Archaeology of the imagination

- September 29, 2010

Stanford University professor Robert Pogue Harrison.

The Merriam Webster Dictionary contains the following entry on “age (noun)”: “The time of life at which some particular qualification, power, or capacity arises or rests… a period of time dominated by a central figure or prominent feature… a period in history or human progress.”

It goes on (dictionaries do) but that summation indicates that Robert Pogue Harrison has a lot of ground to cover in his talk on “The Phenomenon of Age.” Surely he can’t intend to deal with teenagers, midlife crises and the Jurassic Era all at once? The English department’s website is cryptic on the matter – “Professor Harrison's talk will deal with "age" in several senses of the term - geological, biological, historical and personal.” And Dr. Harrison’s background doesn’t give anything away – though he’s being hosted by the English department, he’s originally a scholar of Italian, initially inspired by Dante (his first book was called The Body of Beatrice) before branching out.
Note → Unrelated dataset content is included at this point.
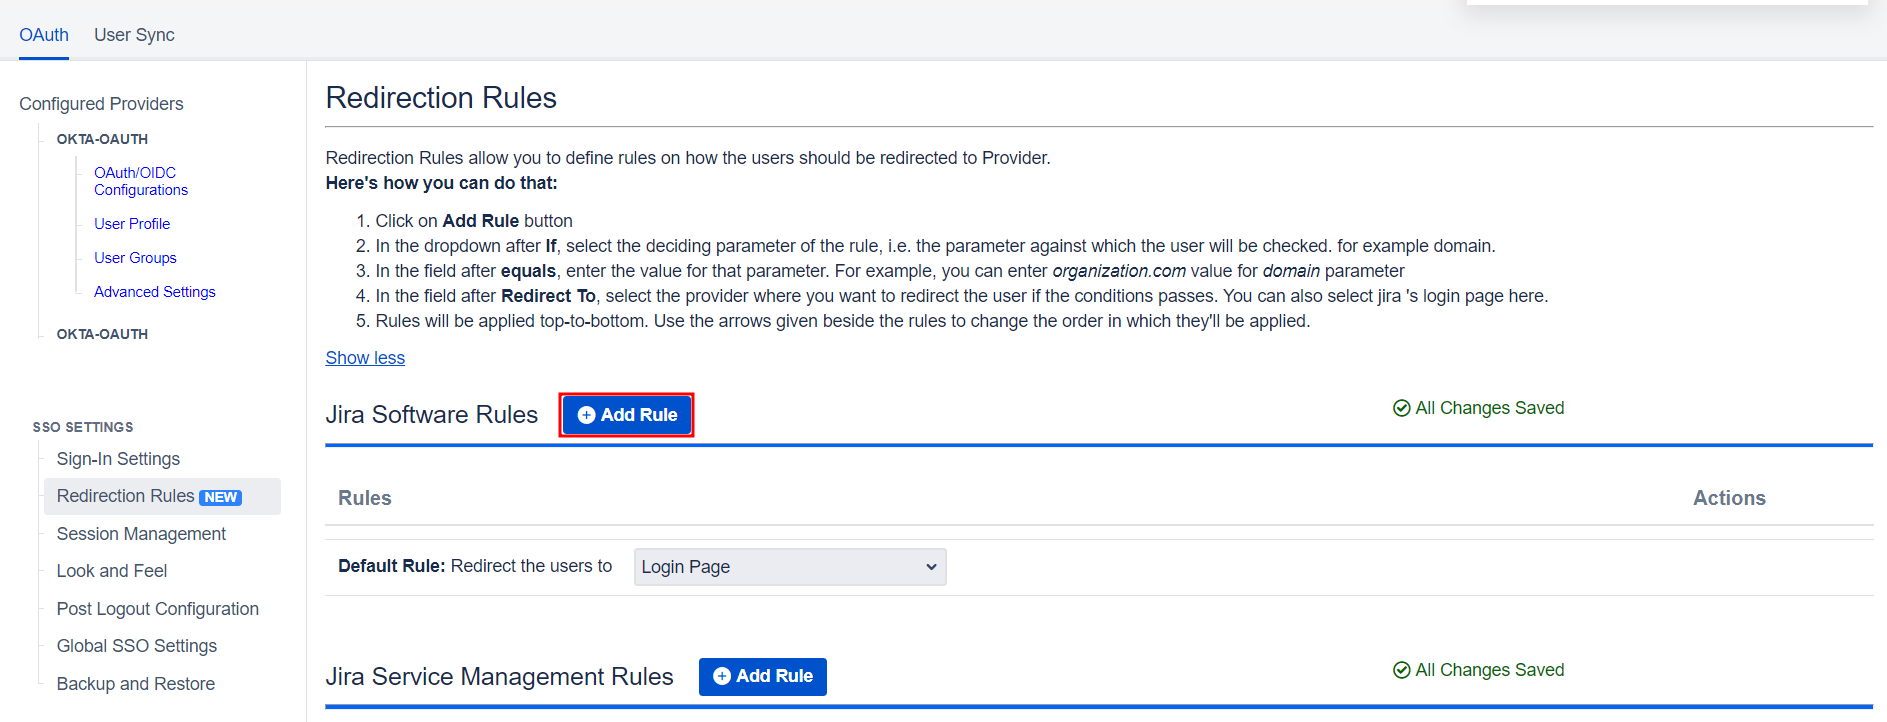 OAuth / OpenID Single Sign On (SSO) into Jira, Redirection Rules tab with provision for creating new rule

Interrogating professors didn’t provide any clues about The Phenomenon of Age. “I have no idea what it’s about,” says Professor Alice Brittan, who along with Christina Luckyj invited Dr. Harrison to speak on Thursday – it will be his first visit, not only to Dalhousie, but to Nova Scotia. Dr. Brittan, an English professor, is a long-time fan of Dr. Harrison and praises him effusively. “I’ve read most of his work and I really love his work.” Her interest is partly professional. “It is an academic interest, although his work is not necessarily applicable to mine… I talk about Harrison’s work often when I’m teaching.” But Dr. Brittan is also a personal fan, raving about Harrison’s radio show (“Entitled Opinions”, which airs Tuesdays on Stanford University’s KZSU 90.1 station.) “There’s a show on Jimi Hendrix alongside shows on Karl Marx… I’ve listened to five or six shows now and this is an amazing radio show.”

If you go

Dr. Robert Pogue Harrison will speak on the Phenomenon of Age on Thursday, September 30, 7 p.m., in the McCain building’s Scotiabank Auditorium.

To Dr. Brittan, one of Dr. Harrison’s most fascinating attributes is that Hendrix/Marx type unclassifiability. “The Body of Beatrice comes directly out of his work on Dante. After that… he starts to write books that are really not categorizable in any field at all.” Harrison has supported points with reference to classical literature like the Epic of Gilgamesh, Homer’s Iliad and Odyssey, Ovid’s Metamorpheses – but proved himself equally comfortable taking on modern intellectual antiheroes like Heidigger (a splendidly incomprehensible 20th century German philosopher whose work gave me nightmares while undergoing FYP.) Dr. Harrison’s scholarship represents a kaleidoscopic mesh of Classics, Italian, French, Contemporary Studies, Philosophy – Harrison, says Professor Brittan, is an “imaginative archaeologist.”

Which is a great job description, but I still had no idea what this “Phenomenon of Age” was.  Deciding to go right to the source, I emailed Robert Pogue Harrison himself, demanding he reveal his secrets. Though perhaps not sufficiently frightened of earning the ire of a student reporter, Dr. Harrison was congenially forthcoming about The Phenomenon of Age: “My talk is related to my general concern about an increasingly alarming loss of cultural, political, and moral maturity in western societies… The subject is related both to my work as an Italianist as well as to the new book I am working on, which deals with the topic of age from the perspective of cultural history.”

He does add a disclaimer: “People who are interested in advice on how to age well, or what they should do to keep themselves psychologically and physically young, will not get much to take home with them from my talk.” But if Dr. Brittan’s rave reviews are any indication, people with more esoteric leanings – philosophy to classics, Ovid to Heidigger – may glean a few nuggets of wisdom.

Dr. Robert Pogue Harrison will speak on the Phenomenon of Age on Thursday, September 30, 7 p.m., in the McCain building’s Scotiabank Auditorium.